Activation functions
Sigmoid
The sigmoid (logistic) function maps real-valued inputs to the interval \((0, 1)\), producing a smooth S-shaped curve. It is differentiable everywhere and its derivative can be written in terms of the function itself.

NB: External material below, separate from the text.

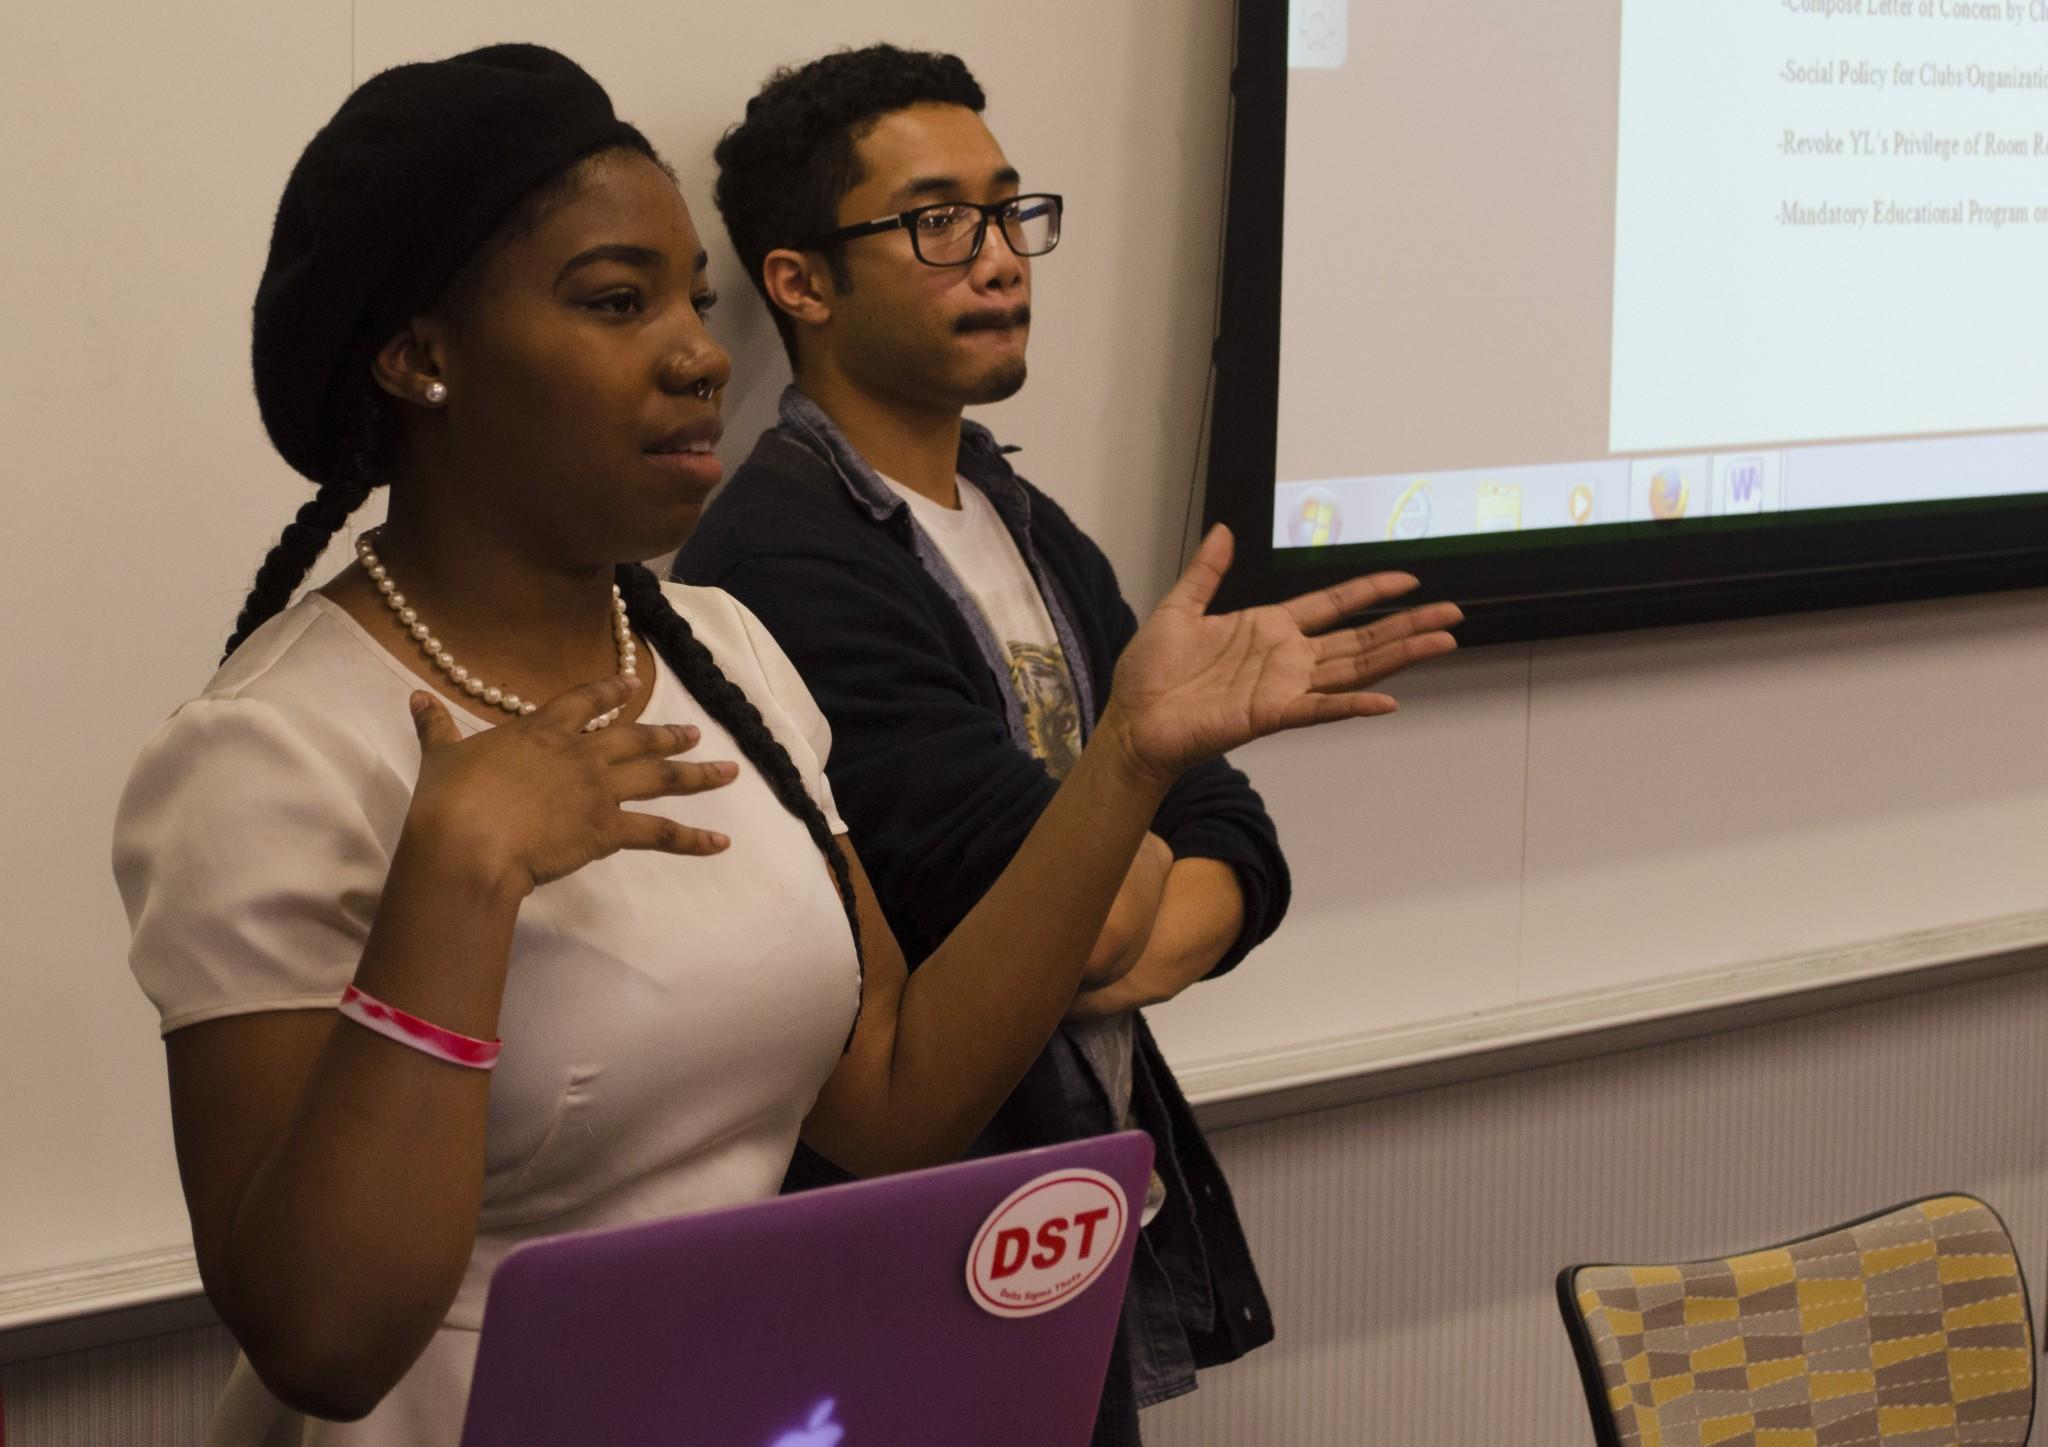 Seniors Mariah Webber (front) and Reggie Gravely (back) moderated the Dissecting the YL "Thug Life" Party discussion Monday night in Plemmons Student Union. | Photo: Michael Bragg, The Appalachian
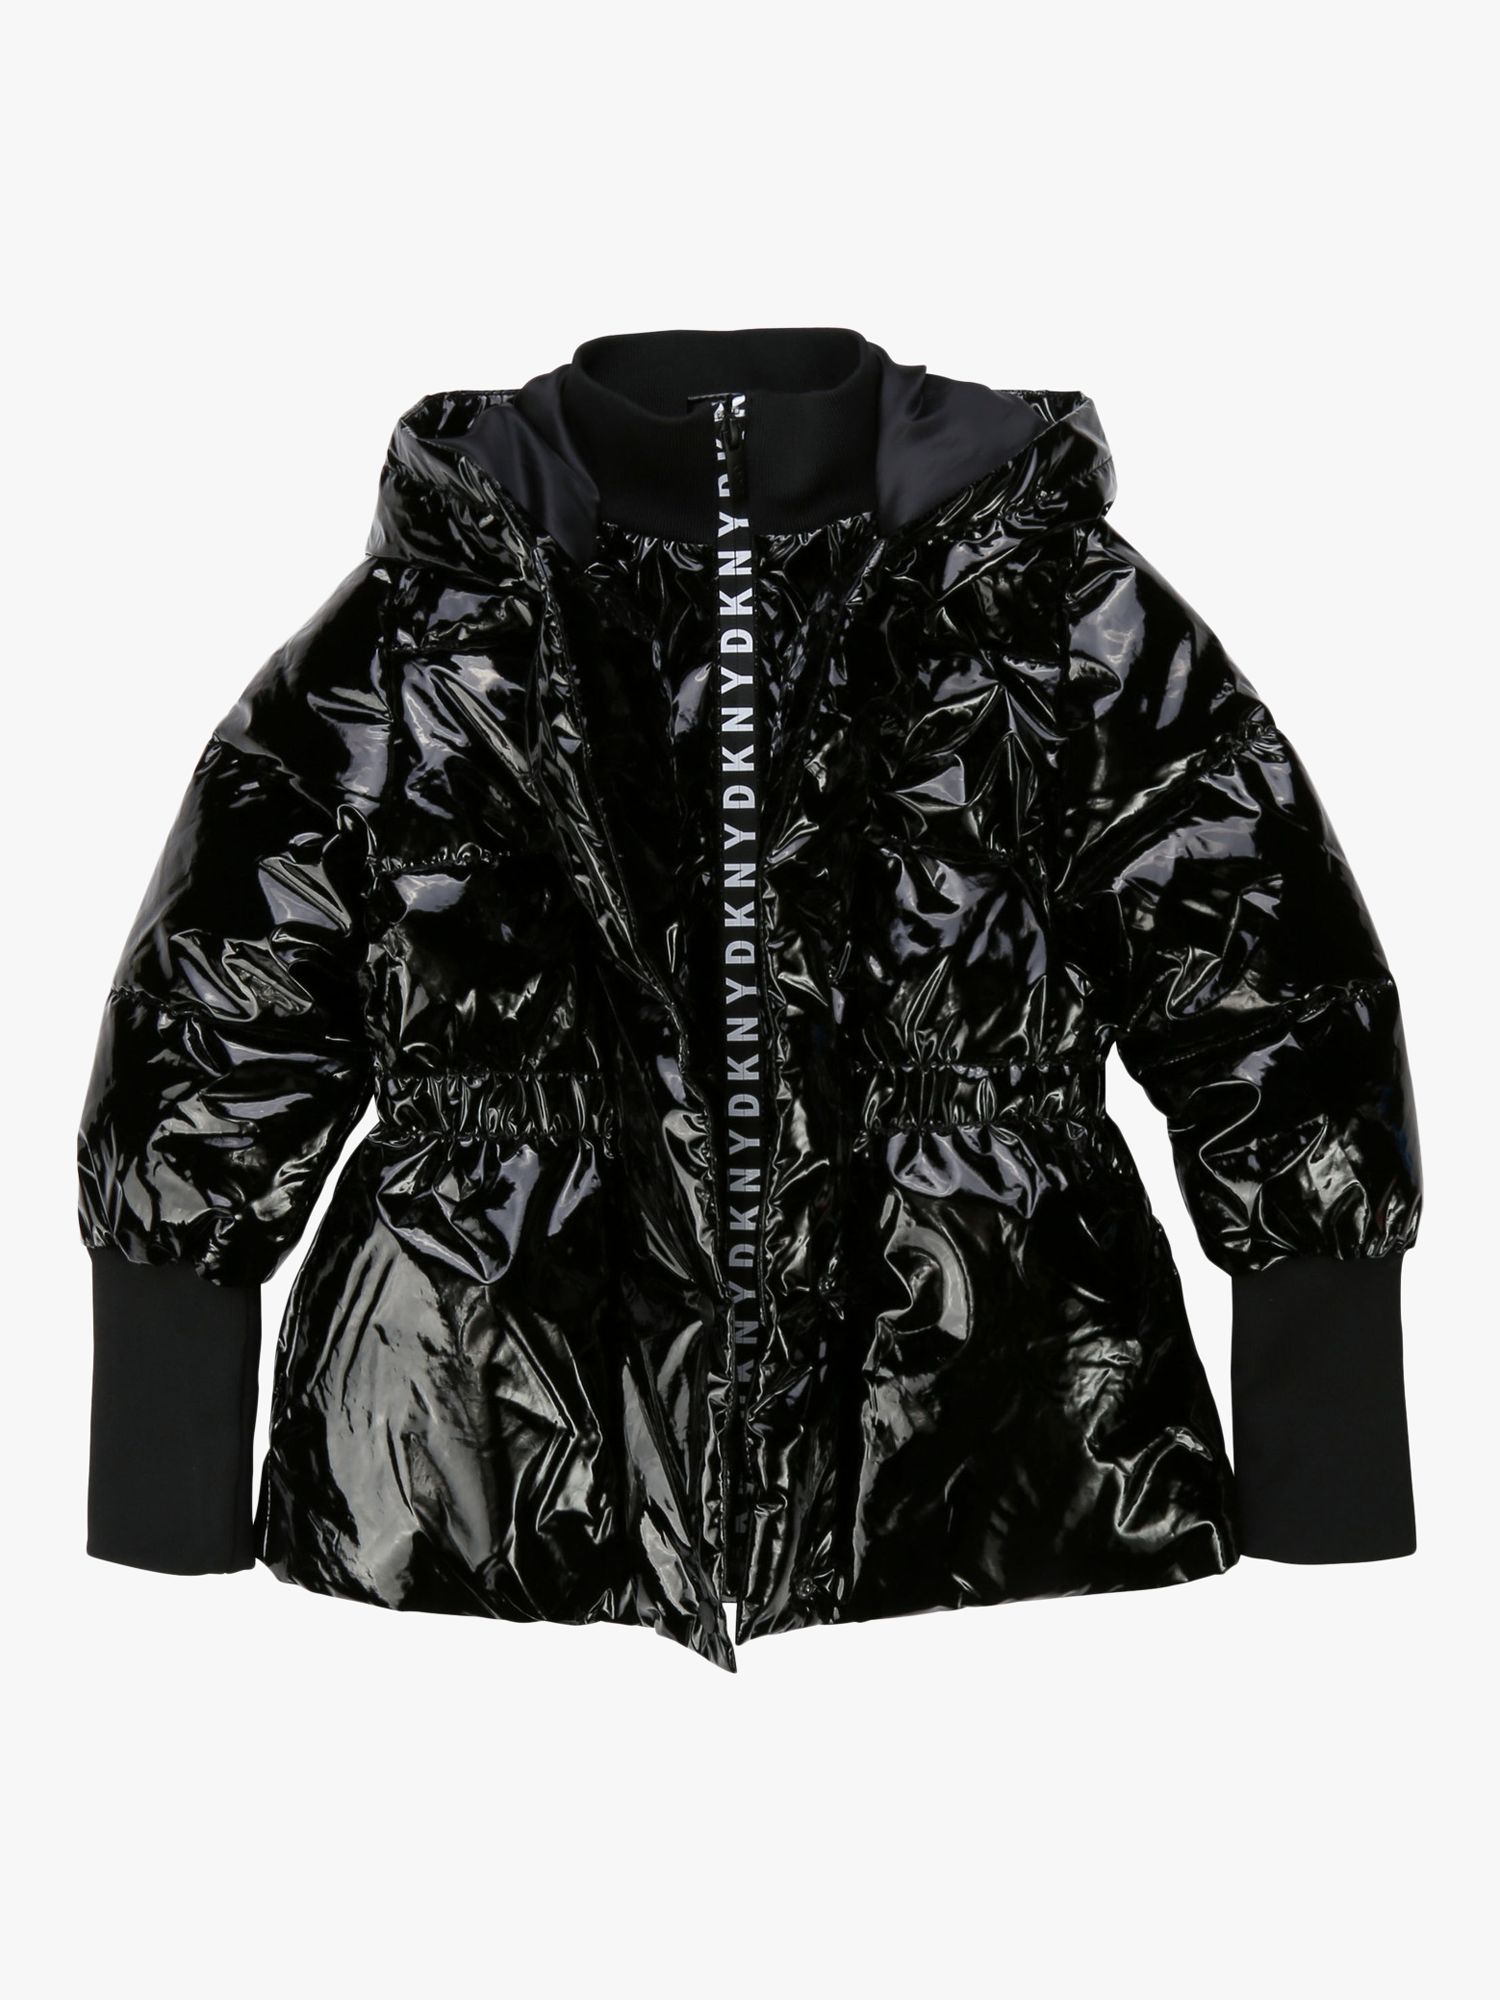 Image of DKNY Girls Water Repellent Hooded Puffer Jacket Black

The function saturates for large \(|x|\), which can lead to very small gradients (vanishing gradient problem).
It is defined as
\[
\sigma(x) = \frac{1}{1 + e^{-x}}
\]
Its derivative is
\[
\frac{d}{dx}\sigma(x) = \sigma(x)\bigl(1 - \sigma(x)\bigr)
\]
Here is the step-by-step derivation
\[
\begin{align*}
\sigma(x) &= \frac{1}{1 + e^{-x}} \\[1em]
\frac{d}{dx}\sigma(x) &= \frac{d}{dx}\left(\frac{1}{1 + e^{-x}}\right) = \frac{d}{dx}\left((1 + e^{-x})^{-1}\right) \\[1em]
&= (-1)(1 + e^{-x})^{-2}\cdot \frac{d}{dx}(1 + e^{-x}) = (-1)(1 + e^{-x})^{-2}\cdot(-e^{-x}) \\[1em]
&= \frac{e^{-x}}{(1 + e^{-x})^2} = \frac{1}{1+e^{-x}} \cdot \frac{e^{-x}}{1+e^{-x}} \\[1em]
&= \sigma(x)\frac{e^{-x}}{1+e^{-x}} = \sigma(x)\frac{1+e^{-x}-1}{1+e^{-x}} = \sigma(x)\left(\frac{1+e^{-x}}{1+e^{-x}} - \frac{1}{1+e^{-x}}\right) \\[1em]
&= \sigma(x)\bigl(1-\sigma(x)\bigr)
\end{align*}
\]